Alaska athletes with ties to Australia share in fight against bush fires

Australia is on fire, and athletes from there or who play there are trying to help.

On Sunday in Sydney, players on the men’s pro tennis tour pledged more than $500,000 and Serena Williams donated her $43,000 paycheck for winning the Auckland Classic to recovery efforts.

On the other side of the world, the marketing manager at the Alaska Airlines Center started a fundraiser that has so far raised nearly three times her original goal of $350. One of the biggest contributors: UAA basketball player Jack Macdonald, who is from Melbourne.

“I’m lucky. My family and friends haven’t directly been affected,” Macdonald said Tuesday. “I’m just doing my part as a proud Australian, because there are thousands who have lost everything.”

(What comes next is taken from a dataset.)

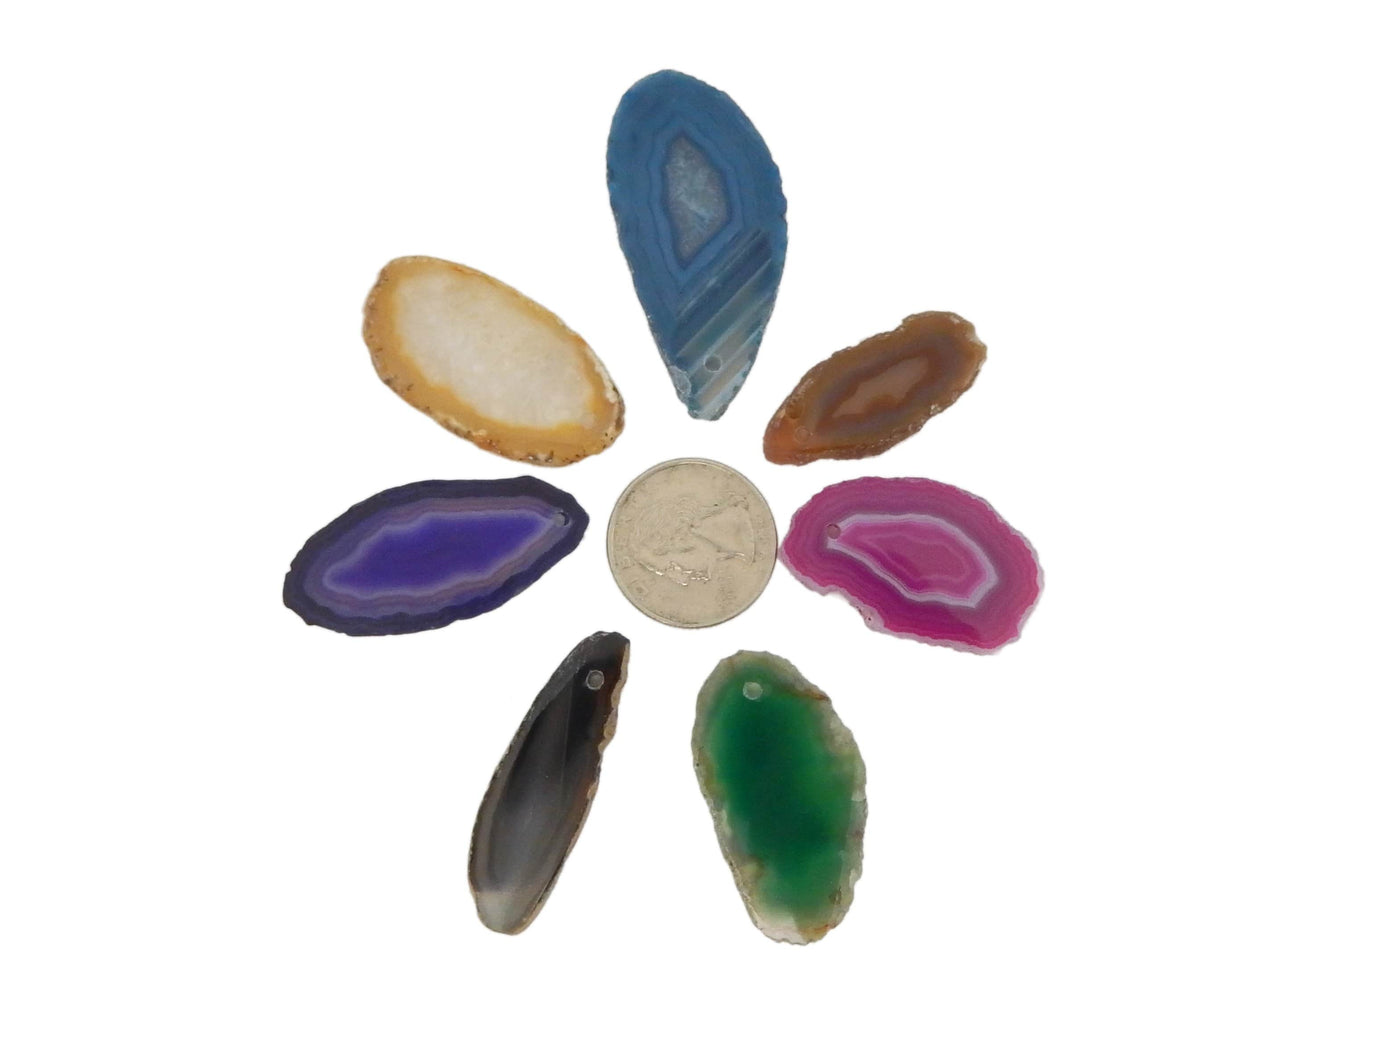 7 Different Color Agate Slices Drilled Around a Quarter on White Background.

A basketball player from Chugiak who plays for the Canberra Capitals of Australia’s Women’s National Basketball League is doing her part too.

When Kelsey Griffin saw that teammate Kia Nurse said she would donate $5 for every point the Capitals scored in their next five games, Griffin and her wife pledged to match Nurse’s donation.

“Erin and I had been talking about what we could do to help out for some time,” Griffin said in a story about the donations on the Canberra Capitals website. “Erin worked in the affected areas after Black Saturday in Victoria and knowing this fire is so much bigger, we can only imagine the devastation on the communities.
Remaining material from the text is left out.